産業廃棄物収集運搬業許可には有効期間があります。
原則として5年間で、引き続き事業を行う場合には更新許可申請が必要です。
環境省の資料によれば、優良産廃処理業者認定制度の認定を受けている場合には、更新期間が7年となる制度があります。
そのため、許可を取得した後も、許可期限を管理しておく必要があります。
産業廃棄物収集運搬業許可を取得する際には、「産業廃棄物を運びます」というだけでは足りません。
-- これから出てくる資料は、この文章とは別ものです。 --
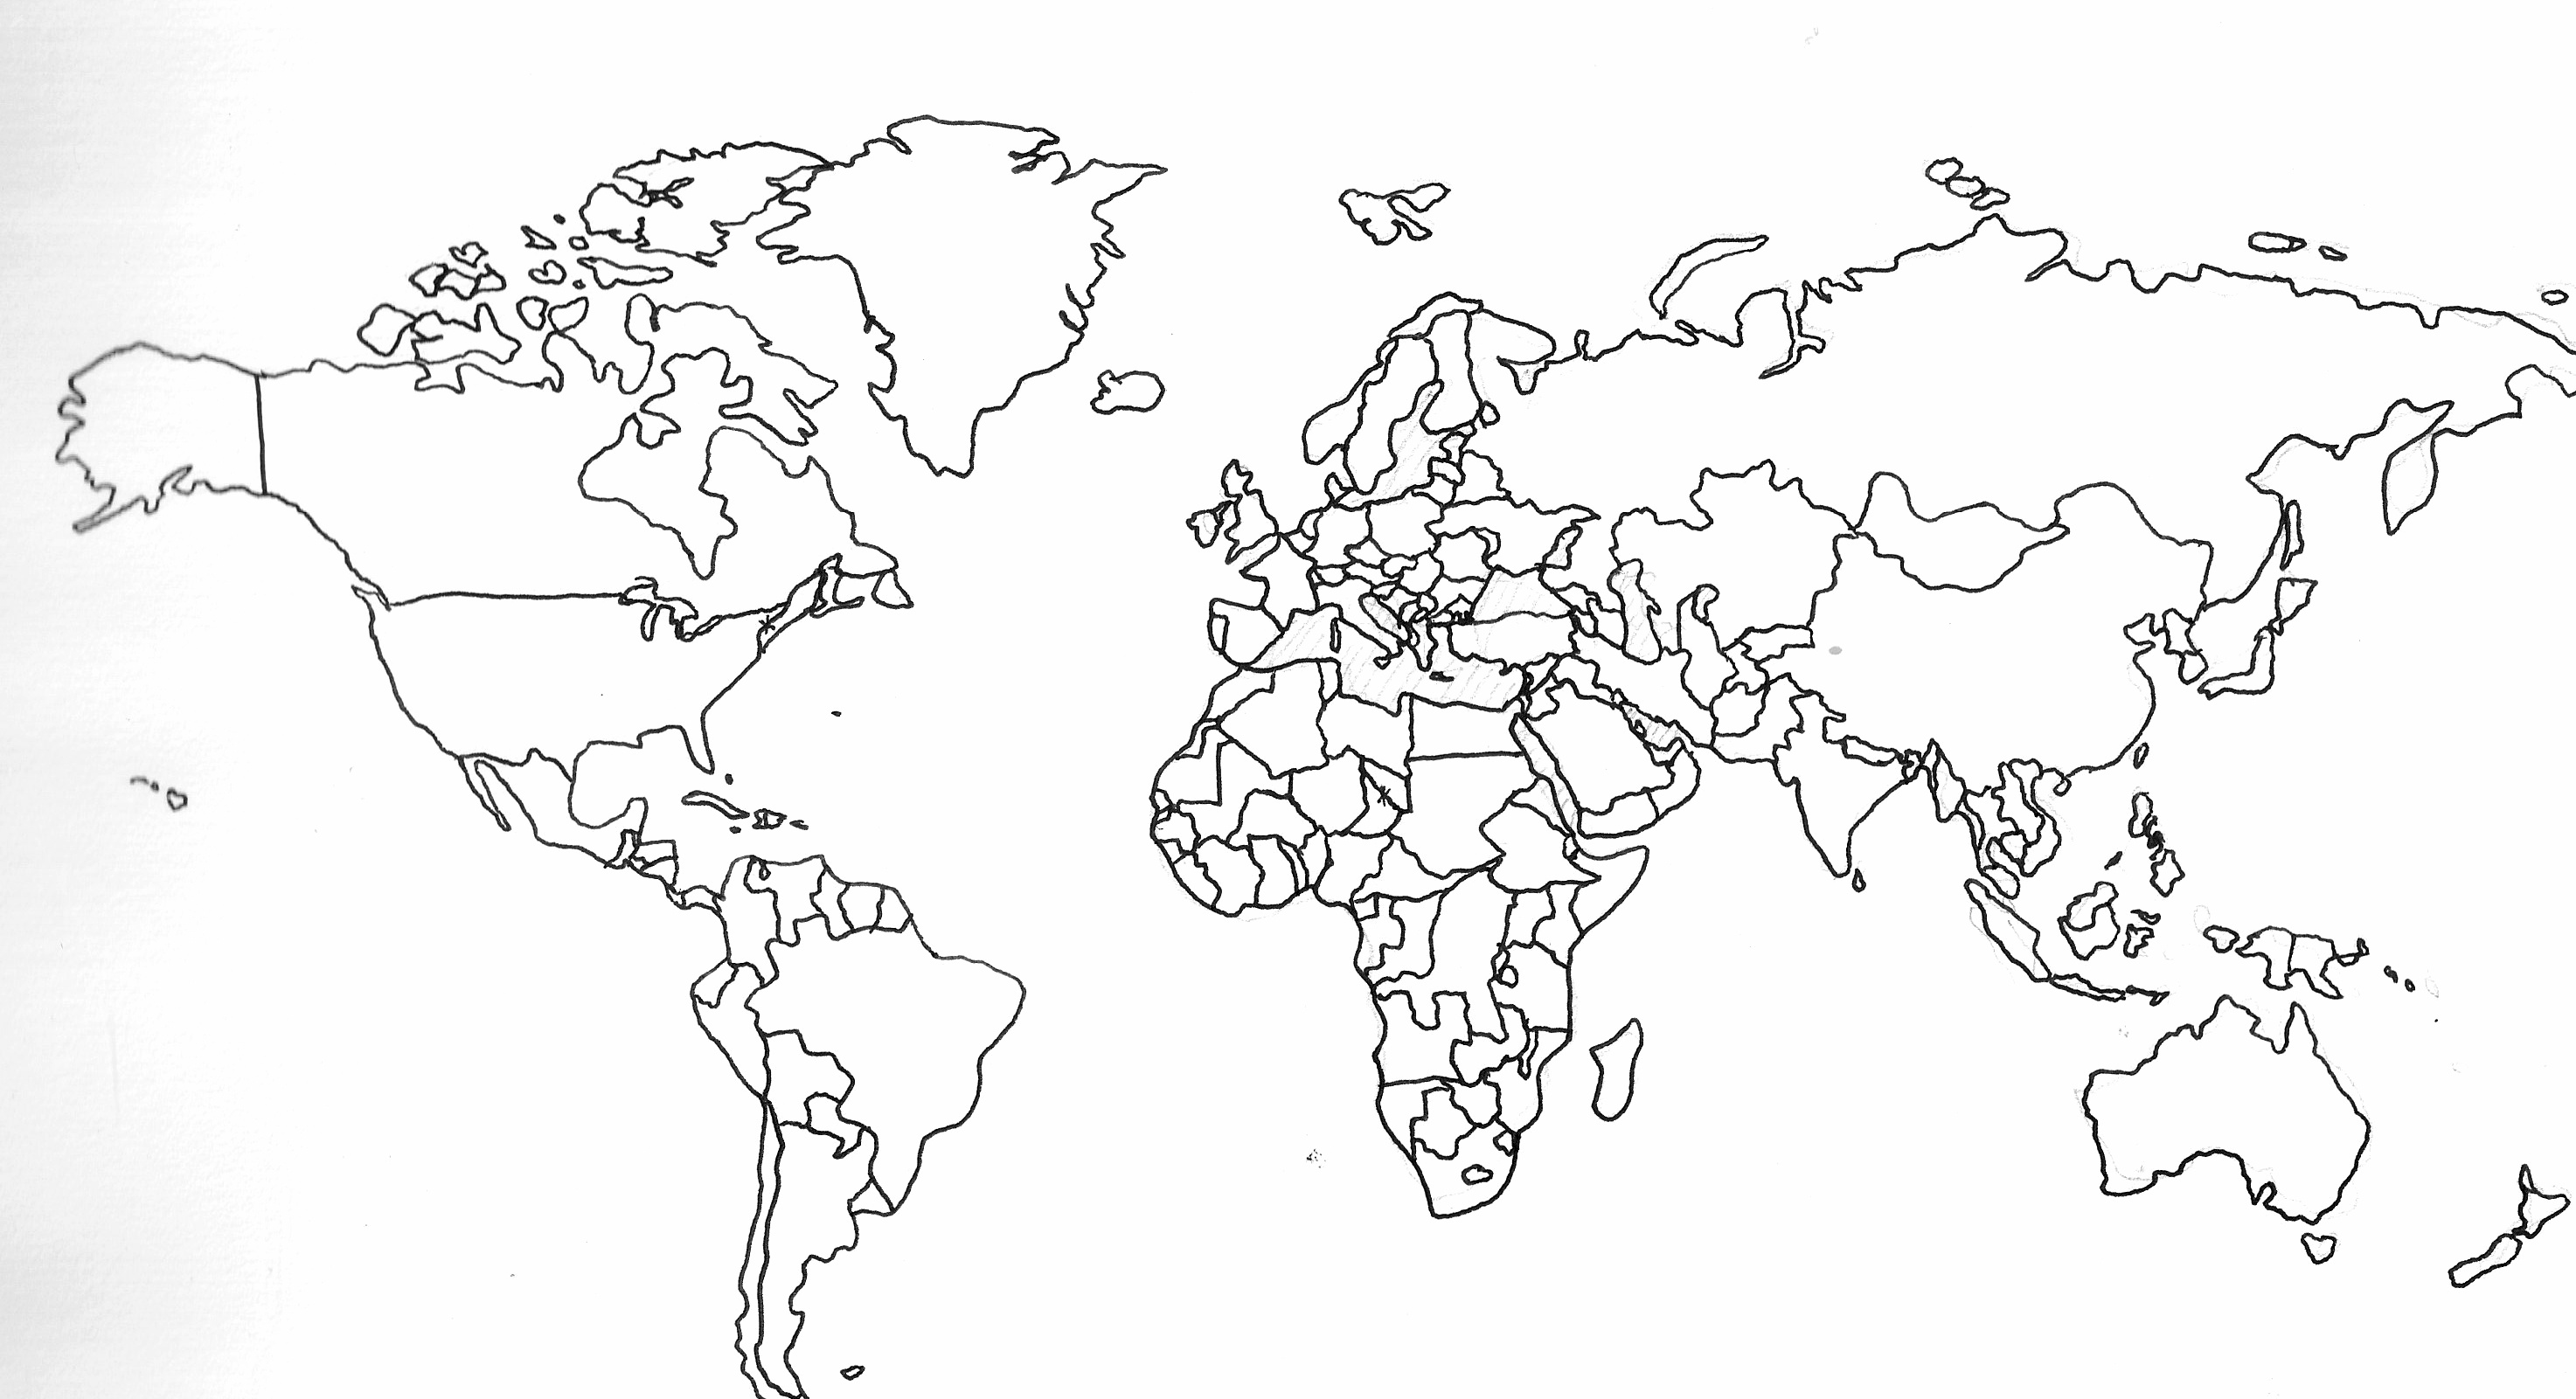 خريطة العالم صماء , اجمل الصور لخريطة العالم الصماء - بنات كول

具体的にどの種類の産業廃棄物を取り扱うのかを検討する必要があります。
たとえば、建設業者からの依頼を中心に受けるのであれば、廃プラスチック類、木くず、金属くず、がれき類、ガラスくず・コンクリートくず・陶磁器くずなど、建設工事から発生する可能性のある産業廃棄物について検討することになります。
ただし、取り扱う廃棄物の種類を増やせばよいというものではありません。
実際の取扱予定、運搬車両、処分先などを踏まえて、必要な品目を適切に設定することが大切です。
産業廃棄物収集運搬業許可の申請は、必要書類の収集から申請書の作成、事業計画の確認、行政庁への申請まで、多くの確認事項があります。
特に初めて許可を取得する事業者の場合、
「どの品目を申請すればよいのか」
「どの自治体に申請するのか」
「車両はこれで問題ないのか」
といった点で迷いやすいところです。
行政書士に依頼することで、事業者自身が制度を一から調べて申請書類を作成する負担を軽減できます。
また、産業廃棄物収集運搬業許可は、申請する自治体によって必要書類や運用上の確認事項が異なる場合があります。
そのため、単に全国共通の申請書を作成するという考え方ではなく、実際の事業内容と申請先自治体の運用を踏まえて準備することが重要です。